Lise bitince alacele biryerlere girelim kaygısıyla 2 yıllık işletme bölümüne girmiştim. Tembel yanım hep ağır basmıştır. 3 yıl okudum. 4. yıla uzattığımda bırakmaya karar vermiştim. Arkadaşlarım geçen 3 yıla yazık edeceğimi söylemişlerdi. Bense orada geçecek her güne yazık diyerek sildirdim kaydımı. Hocalarla genelde anlaşamazdım. Çoğu ya faşizan eğilimliydi ya da gerici.

Bir yıl sonra İzmir’e yerleştim. Hem yeni bir iş sahibi olmuştum.
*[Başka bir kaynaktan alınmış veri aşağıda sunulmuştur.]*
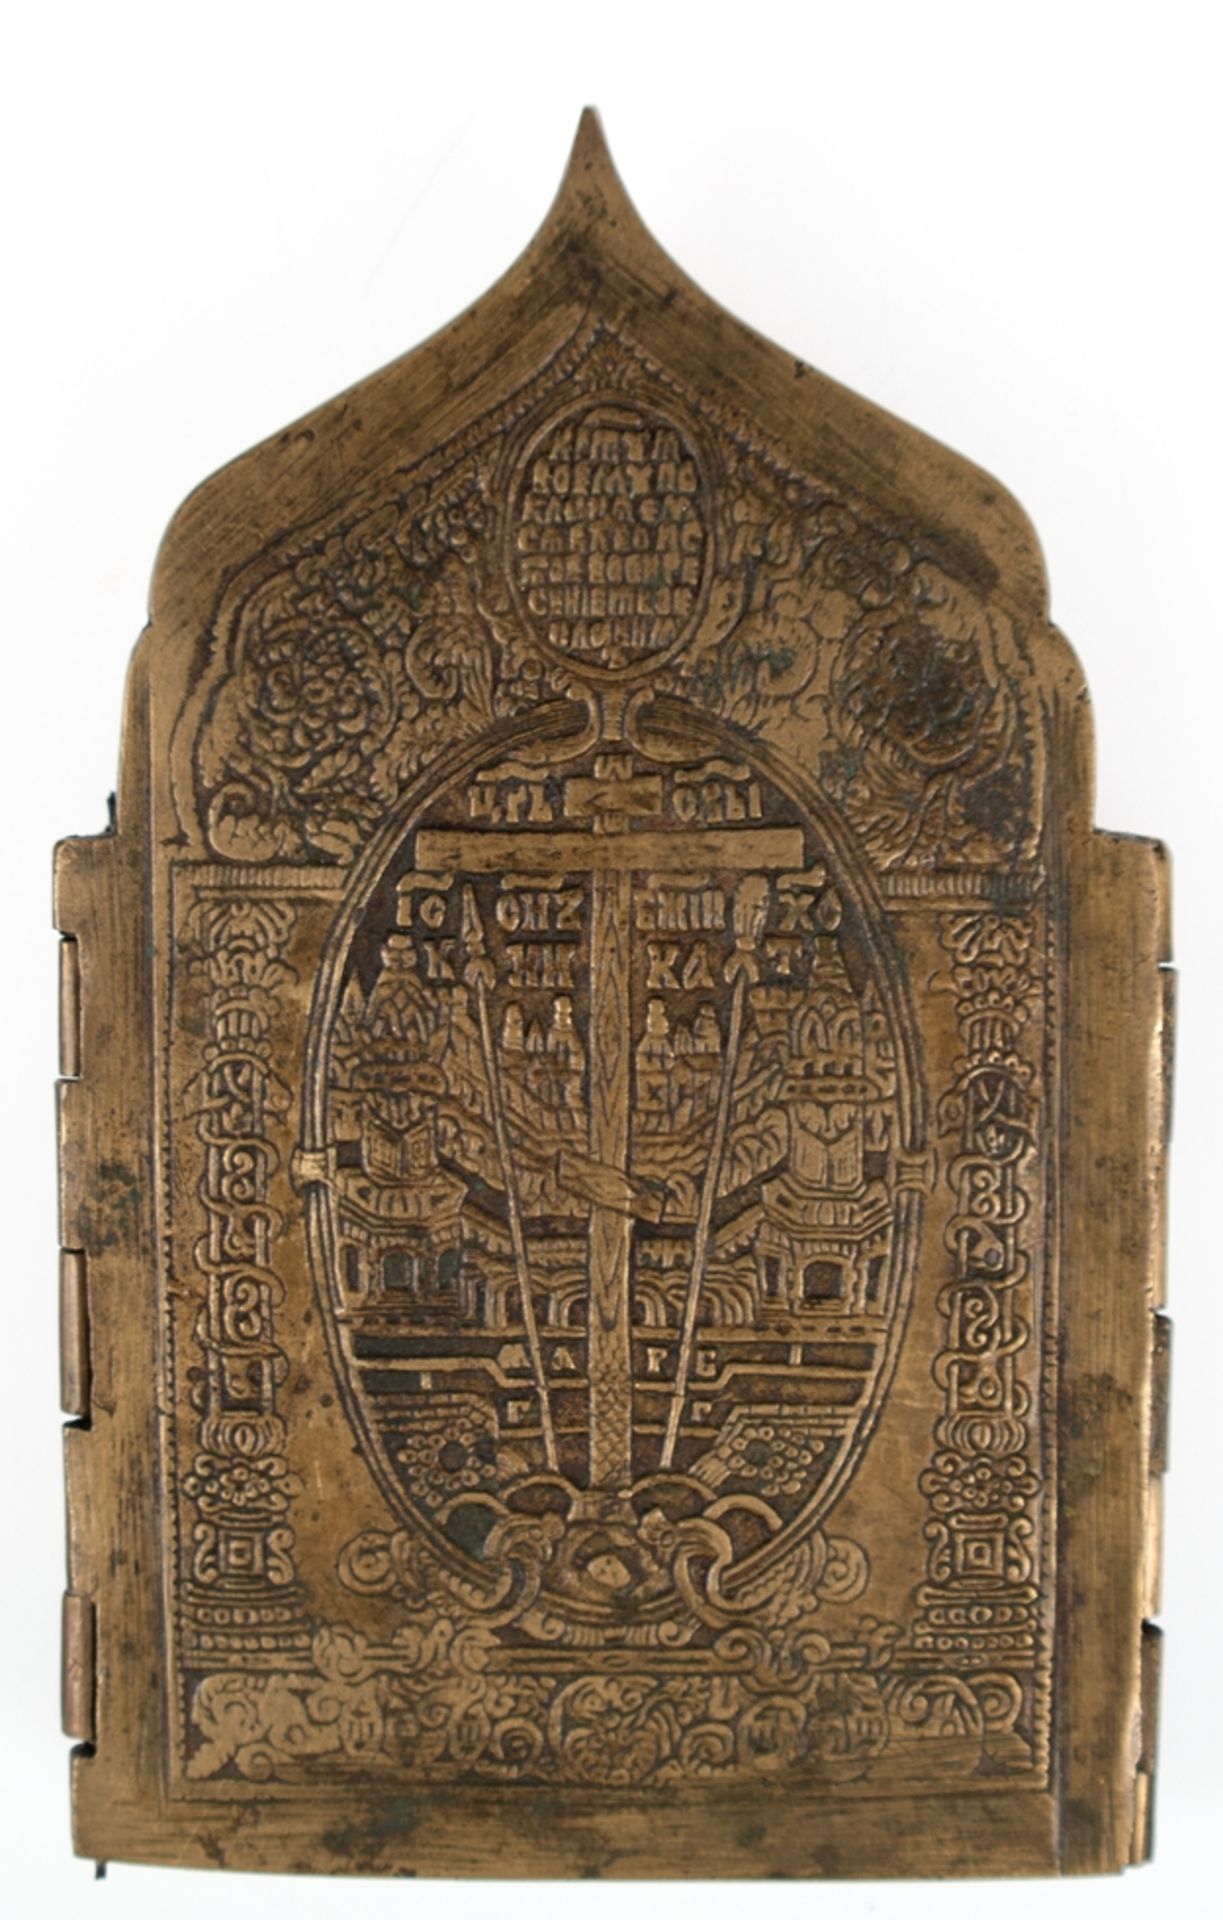 Reiseikone, Bronze, 19. Jh., Tetraptychon, 4-flügelig, klappbar, ges. 16x36,5 cm - Bild 2 aus 2

Hem de güzel sanatlar için hazırlanma şansını yakalamıştım. İlk yıl puanım yetmedi. İkinci yıl ikinci aşamada elendim. Üçüncü yılda Eğitim Fak. Resim bölümüne girebildim. Hazırlık döneminde ayda bir eskiz defteri bitirirdim. Günde bir tane de 50*70 desen çalışırdım en azından.

Okulda ilk günler fena değildi. Ama her geçen gün hem çizimden uzaklaşıyordum, hem de okuldan. Söylemiştim, tembel yanım da ağır basınca gitmemeye başladım. İş daha zevkliydi. Bilgisayar kullanmayı bilmeyen hocalar grafik dersine giriyordu. Bu tip sanatsal faaliyeler için moda girmek gerekiyordu. Bir dönem boyunca fayans ve klozet çizmekse beni iyice moddan çıkarıyordu. Belki yapmam lazımdı ama sevemedim işte. Şişeler, kavanozlar felan.

Sonra yazı diye bir ders vardı. İlk dersten sonra girmedim bir daha. İlkokul 1. sınıfta yaptığımız; yatay çizgilerden, harflerin yazımına, sonra kelimelere ve cümlelere geçiş yapılan bir dersti ve ben kırmızı kurdela ile vermiştim bu dersi. Tekrardan aynı işkenceye ne gerek vardı. Zaten kimse yapmaz, parayla üst sınıflara yaptırırdı bu işi. Hocalar da bilirdi ama benim gibi sivrilmeyince ses çıkarmıyolardı.

Yazılı anlatım dersinde mutlu aile, terör nedir gibi salakça kompozisyonlar da isteyince o dersten de soğudum. Hocayla atıştık baya ama

İnkılap tarihi dersleri zevkliydi. Şovenist bir hoca olunca ve bu kişi çabuk sinirlenince gayet hoş vakitler geçiyordu ama bir süre sonra derse almayınca bu zevkim de sonra ermiş oldu.

Sanat Tarihi dersinde hocanın ses tonu ninni gibi geliyordu. Hoca da farkındaydı bunun ve ses çıkarmıyordu uyumamıza.

Ne zaman ki staj yapacaksınız diye bizi ilkokul veletlerinin içine yolladılar. Haftada 2 saatlik staj uğruna bir de saç sakal traşı zorunluluğu ve kılık kıyafet olayını öne sürdüler, hiç gitmemeye başladım okula.

Güzel zamanlar geçmedi değil. Derste sigara hatta alkol almamıza karışılmaması okulun en zevkli yönüydü.

Ancak kafamda küçük bir soru işareti dursa da okulu bırakmaya kararlıyım. Zeten 2 yıldır sadece kayıt için ya da öğrenci belgesi lazım olunca gidiyorum. Pişman olacağımı sanmıyorum. Bitiren arkadaşlar bir yıl boyunca piyasada sağa sola bakınıp bir iş yapamayınca (büyük çoğunlukla) öğretmen oluyorlar. E ben zaten öğretmen olayım da demiyorum.

Bir başka konu. Akademik kariyer yapmak istiyorsanız; her yerde olduğu gibi burada da köşe başında duran isimler var. Sanat zaten piyasa olmuş durumda. Sanat galerilerinin çoğu yeteneğe değil isime açıyor kapılarını çoğunlukla.

20 yıl önceki tablolarıyla bugün yaptıkları arasında hiç fark göremediğim ya da sergisine gidip te; ne işlenene temadan, ne de renk kullanımından, formundan, hangi akıma giriyorsa artık o akımından bir bok çıkaramadığım insanlar görmek istemiyorum.

İşin bence tek kötü yanı, eskiden büyük zevk aldığım çizimlerden iyice soğumuştum. Aşağı yukarı 2 yıl oldu elime doğru dürüst kalem almayalı. Nankördür kalemler. Biraz uzak durunca unutuveriyorsunuz. 2 yıldan sonra cem’in toxik cemal’i yeniden gaz verdi bana. Eskiz defterlerini kalemleri tekrar derleyip toparladım. Uzun zamandır hoşuma giden anime – manga tarzı çizimler yapmak istiyorum. Hatta şuraya birşeyler karalayıp attım da. Özlemişim eski günleri.

Sorun bende mi okulda mı bilmiyorum ama okulun üzerimde motivasyon bozucu bir etki bıraktığı kesin.